WHAT NEEDS TO BE DONE: Among the entries below, only the lines starting at the one with "The Deadly Sharpshooters Marker" and ending at the one with "Orleans Acanthus &", both included, are to be printed exactly.

^^^^^^^^^^^^^^^^

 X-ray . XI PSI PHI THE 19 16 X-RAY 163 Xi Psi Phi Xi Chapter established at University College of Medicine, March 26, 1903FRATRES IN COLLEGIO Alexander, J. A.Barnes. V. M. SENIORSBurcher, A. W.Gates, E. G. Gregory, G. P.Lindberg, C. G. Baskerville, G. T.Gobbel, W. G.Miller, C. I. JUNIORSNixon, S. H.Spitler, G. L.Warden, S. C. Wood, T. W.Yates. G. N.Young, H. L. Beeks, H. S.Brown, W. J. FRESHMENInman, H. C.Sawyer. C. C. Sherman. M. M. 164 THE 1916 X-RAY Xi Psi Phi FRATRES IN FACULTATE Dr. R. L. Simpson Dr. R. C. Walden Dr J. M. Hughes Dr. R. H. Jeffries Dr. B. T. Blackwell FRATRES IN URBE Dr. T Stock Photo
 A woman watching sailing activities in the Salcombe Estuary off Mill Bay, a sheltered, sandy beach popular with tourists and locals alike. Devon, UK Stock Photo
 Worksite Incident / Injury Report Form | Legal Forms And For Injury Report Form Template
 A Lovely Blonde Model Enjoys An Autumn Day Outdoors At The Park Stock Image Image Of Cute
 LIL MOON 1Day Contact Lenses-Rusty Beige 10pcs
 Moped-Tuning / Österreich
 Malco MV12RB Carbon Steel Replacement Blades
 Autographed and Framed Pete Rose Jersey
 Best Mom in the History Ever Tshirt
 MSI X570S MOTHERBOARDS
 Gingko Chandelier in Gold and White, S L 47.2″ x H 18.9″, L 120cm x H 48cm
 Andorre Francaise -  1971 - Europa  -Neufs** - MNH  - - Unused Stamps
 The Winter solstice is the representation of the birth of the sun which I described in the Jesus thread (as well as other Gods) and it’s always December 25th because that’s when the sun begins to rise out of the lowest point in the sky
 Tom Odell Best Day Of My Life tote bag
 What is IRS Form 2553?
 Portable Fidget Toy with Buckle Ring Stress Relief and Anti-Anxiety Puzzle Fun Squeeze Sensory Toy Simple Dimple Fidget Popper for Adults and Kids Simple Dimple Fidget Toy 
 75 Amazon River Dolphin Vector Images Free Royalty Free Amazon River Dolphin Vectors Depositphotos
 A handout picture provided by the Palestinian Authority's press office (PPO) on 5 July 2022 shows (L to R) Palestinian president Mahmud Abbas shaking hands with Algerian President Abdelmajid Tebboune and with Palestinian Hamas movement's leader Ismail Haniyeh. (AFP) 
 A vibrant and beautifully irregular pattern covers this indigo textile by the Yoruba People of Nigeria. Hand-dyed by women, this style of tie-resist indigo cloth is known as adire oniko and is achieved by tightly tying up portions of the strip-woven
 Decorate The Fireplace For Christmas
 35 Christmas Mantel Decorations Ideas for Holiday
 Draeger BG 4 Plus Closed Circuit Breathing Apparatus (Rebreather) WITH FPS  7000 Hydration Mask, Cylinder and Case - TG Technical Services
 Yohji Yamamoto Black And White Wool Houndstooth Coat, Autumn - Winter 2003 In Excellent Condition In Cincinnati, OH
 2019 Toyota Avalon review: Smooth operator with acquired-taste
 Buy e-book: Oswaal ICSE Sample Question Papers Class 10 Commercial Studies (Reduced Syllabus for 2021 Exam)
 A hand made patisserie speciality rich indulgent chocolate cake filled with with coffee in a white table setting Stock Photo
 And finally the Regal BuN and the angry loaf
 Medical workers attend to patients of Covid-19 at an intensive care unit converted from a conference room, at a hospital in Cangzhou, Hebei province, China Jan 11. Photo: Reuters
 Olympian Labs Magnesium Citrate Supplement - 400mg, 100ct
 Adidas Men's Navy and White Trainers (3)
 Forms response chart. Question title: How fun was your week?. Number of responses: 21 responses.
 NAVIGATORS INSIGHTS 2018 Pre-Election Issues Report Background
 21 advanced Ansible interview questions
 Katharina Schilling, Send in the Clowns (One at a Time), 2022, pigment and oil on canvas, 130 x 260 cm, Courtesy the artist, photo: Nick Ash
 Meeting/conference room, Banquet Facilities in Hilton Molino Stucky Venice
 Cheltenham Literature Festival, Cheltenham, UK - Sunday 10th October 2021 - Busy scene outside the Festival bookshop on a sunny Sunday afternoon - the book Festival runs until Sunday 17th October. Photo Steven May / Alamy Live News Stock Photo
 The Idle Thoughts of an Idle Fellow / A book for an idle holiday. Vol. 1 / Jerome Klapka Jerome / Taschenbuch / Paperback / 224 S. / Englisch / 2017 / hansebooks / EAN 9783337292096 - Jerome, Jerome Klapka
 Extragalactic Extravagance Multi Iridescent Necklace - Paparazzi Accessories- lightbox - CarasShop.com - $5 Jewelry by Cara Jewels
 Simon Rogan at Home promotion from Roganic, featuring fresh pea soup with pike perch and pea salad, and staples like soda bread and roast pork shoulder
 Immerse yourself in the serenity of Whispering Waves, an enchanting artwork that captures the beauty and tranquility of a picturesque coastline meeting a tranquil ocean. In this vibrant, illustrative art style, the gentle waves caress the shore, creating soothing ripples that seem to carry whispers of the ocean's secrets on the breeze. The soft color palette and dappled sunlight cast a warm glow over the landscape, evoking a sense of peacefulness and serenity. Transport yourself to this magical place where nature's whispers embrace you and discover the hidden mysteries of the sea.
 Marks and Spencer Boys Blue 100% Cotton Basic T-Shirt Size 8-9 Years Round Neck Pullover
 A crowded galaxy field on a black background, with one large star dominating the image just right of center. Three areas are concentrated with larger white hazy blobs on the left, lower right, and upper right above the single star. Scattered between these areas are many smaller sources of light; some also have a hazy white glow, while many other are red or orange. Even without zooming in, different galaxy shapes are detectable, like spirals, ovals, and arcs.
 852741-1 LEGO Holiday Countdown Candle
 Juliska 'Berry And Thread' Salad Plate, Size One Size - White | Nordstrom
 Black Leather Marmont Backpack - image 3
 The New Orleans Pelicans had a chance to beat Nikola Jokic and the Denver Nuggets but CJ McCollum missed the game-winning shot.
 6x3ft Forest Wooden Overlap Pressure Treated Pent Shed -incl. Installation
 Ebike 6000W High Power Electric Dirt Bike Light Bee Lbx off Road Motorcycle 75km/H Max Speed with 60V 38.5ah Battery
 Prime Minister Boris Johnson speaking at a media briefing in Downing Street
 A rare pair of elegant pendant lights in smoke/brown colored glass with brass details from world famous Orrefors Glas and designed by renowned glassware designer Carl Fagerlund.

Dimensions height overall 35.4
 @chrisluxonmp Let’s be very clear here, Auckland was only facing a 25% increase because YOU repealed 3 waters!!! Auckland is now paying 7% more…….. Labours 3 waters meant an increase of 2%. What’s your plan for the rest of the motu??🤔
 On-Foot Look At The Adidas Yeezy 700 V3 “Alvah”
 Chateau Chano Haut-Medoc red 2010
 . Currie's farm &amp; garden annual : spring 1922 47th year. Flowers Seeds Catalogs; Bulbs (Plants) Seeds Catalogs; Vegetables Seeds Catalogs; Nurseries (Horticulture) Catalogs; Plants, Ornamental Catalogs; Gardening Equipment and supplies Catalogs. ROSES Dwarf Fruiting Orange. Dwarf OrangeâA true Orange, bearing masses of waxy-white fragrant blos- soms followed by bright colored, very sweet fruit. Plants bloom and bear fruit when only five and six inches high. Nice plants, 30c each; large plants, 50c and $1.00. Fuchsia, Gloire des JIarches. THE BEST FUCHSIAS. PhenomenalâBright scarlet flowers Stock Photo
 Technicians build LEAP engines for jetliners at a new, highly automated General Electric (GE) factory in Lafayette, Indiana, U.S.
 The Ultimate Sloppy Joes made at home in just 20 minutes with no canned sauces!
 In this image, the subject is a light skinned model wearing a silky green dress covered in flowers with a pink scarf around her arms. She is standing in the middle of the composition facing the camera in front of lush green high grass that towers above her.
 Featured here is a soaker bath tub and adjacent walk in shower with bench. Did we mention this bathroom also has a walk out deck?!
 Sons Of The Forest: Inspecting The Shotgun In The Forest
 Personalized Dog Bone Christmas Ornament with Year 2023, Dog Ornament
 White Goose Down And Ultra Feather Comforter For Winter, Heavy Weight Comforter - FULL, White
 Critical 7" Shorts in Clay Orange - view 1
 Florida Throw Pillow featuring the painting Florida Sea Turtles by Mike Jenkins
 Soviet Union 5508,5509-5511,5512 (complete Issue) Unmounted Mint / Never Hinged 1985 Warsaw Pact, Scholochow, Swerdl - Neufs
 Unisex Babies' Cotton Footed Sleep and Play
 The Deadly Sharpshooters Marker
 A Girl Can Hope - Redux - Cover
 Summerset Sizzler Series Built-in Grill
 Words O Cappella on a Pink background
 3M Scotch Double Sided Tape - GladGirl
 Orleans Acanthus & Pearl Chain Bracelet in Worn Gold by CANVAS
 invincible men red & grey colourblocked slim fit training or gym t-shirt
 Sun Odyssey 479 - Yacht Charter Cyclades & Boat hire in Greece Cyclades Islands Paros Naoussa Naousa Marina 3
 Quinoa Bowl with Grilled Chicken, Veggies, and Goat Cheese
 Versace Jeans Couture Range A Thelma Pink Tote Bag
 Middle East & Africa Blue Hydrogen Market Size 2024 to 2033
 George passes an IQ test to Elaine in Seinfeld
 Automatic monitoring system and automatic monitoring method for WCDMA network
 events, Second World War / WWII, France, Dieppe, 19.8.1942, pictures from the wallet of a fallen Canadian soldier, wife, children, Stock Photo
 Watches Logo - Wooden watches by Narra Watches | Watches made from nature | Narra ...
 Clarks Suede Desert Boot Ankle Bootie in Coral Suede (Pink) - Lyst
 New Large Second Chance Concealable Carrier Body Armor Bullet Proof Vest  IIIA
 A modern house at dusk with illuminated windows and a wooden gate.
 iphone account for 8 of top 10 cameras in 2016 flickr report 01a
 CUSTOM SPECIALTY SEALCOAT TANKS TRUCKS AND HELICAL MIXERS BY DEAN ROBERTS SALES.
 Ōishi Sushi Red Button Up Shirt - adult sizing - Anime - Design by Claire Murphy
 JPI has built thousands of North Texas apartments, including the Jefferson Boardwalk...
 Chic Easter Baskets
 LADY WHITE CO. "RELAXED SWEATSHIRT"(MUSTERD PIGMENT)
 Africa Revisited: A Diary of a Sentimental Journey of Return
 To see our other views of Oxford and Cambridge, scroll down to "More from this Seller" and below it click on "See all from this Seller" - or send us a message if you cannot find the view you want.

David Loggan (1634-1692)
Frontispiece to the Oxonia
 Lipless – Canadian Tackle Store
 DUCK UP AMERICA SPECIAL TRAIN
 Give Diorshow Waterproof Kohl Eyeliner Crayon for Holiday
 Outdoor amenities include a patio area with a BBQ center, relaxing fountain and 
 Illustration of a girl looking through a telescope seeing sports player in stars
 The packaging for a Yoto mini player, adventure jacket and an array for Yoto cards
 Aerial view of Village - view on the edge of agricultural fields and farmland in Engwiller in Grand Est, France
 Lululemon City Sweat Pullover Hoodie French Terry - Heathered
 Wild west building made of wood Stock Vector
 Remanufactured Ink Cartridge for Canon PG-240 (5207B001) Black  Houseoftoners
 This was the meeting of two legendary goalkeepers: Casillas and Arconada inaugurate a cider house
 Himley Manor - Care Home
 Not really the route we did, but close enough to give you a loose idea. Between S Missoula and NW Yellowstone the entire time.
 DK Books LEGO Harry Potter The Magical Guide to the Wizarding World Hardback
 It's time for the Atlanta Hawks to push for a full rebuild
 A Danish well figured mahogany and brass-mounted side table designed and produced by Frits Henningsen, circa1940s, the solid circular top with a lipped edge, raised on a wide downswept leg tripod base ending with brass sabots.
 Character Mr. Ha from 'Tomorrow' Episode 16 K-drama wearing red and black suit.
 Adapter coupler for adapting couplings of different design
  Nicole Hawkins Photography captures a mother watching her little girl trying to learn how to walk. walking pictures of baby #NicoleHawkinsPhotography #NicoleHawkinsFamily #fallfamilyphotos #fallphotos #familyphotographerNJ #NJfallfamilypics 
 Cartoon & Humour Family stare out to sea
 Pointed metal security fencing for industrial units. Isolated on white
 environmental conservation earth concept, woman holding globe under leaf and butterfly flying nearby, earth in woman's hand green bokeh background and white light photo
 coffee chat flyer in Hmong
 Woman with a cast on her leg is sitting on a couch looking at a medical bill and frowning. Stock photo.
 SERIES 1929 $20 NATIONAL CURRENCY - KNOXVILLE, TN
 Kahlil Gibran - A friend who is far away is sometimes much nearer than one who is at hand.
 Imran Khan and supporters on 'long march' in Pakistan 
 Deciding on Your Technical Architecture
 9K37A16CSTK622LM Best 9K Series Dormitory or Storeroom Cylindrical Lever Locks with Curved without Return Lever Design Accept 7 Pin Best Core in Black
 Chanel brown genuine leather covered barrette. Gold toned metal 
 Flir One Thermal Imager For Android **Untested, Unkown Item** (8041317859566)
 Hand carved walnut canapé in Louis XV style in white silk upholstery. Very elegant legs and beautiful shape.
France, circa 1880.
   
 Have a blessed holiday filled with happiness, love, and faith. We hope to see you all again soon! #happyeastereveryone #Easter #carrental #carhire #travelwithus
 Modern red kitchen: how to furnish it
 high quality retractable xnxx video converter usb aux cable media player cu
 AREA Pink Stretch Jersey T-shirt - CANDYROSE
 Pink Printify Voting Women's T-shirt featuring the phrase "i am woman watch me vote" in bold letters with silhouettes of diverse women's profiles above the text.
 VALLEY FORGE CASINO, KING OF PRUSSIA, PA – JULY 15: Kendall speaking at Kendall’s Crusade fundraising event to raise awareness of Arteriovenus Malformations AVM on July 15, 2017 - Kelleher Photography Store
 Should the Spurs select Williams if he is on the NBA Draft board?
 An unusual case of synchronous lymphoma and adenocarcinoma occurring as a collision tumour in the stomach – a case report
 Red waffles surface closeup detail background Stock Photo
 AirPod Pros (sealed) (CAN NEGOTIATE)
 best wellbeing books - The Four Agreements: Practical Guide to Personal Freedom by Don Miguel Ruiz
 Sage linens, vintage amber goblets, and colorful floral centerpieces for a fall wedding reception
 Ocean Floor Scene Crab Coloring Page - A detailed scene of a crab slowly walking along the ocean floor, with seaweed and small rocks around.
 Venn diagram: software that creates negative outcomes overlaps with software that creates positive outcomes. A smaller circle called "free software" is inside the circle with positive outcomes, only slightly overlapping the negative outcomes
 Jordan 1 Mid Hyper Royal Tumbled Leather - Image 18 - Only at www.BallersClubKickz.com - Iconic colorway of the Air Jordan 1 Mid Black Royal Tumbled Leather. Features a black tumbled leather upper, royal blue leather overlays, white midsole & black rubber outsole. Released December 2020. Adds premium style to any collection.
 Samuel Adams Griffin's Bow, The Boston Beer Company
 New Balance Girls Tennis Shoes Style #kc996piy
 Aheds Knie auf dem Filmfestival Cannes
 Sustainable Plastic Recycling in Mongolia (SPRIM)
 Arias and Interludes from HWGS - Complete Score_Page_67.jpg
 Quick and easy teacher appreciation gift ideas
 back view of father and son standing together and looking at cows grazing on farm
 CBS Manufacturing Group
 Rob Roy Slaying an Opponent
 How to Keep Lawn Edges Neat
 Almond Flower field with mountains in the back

^^^^^^^^^^^^^^^^

SOLUTION FOR THIS EXERCISE:
 The Deadly Sharpshooters Marker
 A Girl Can Hope - Redux - Cover
 Summerset Sizzler Series Built-in Grill
 Words O Cappella on a Pink background
 3M Scotch Double Sided Tape - GladGirl
 Orleans Acanthus & Pearl Chain Bracelet in Worn Gold by CANVAS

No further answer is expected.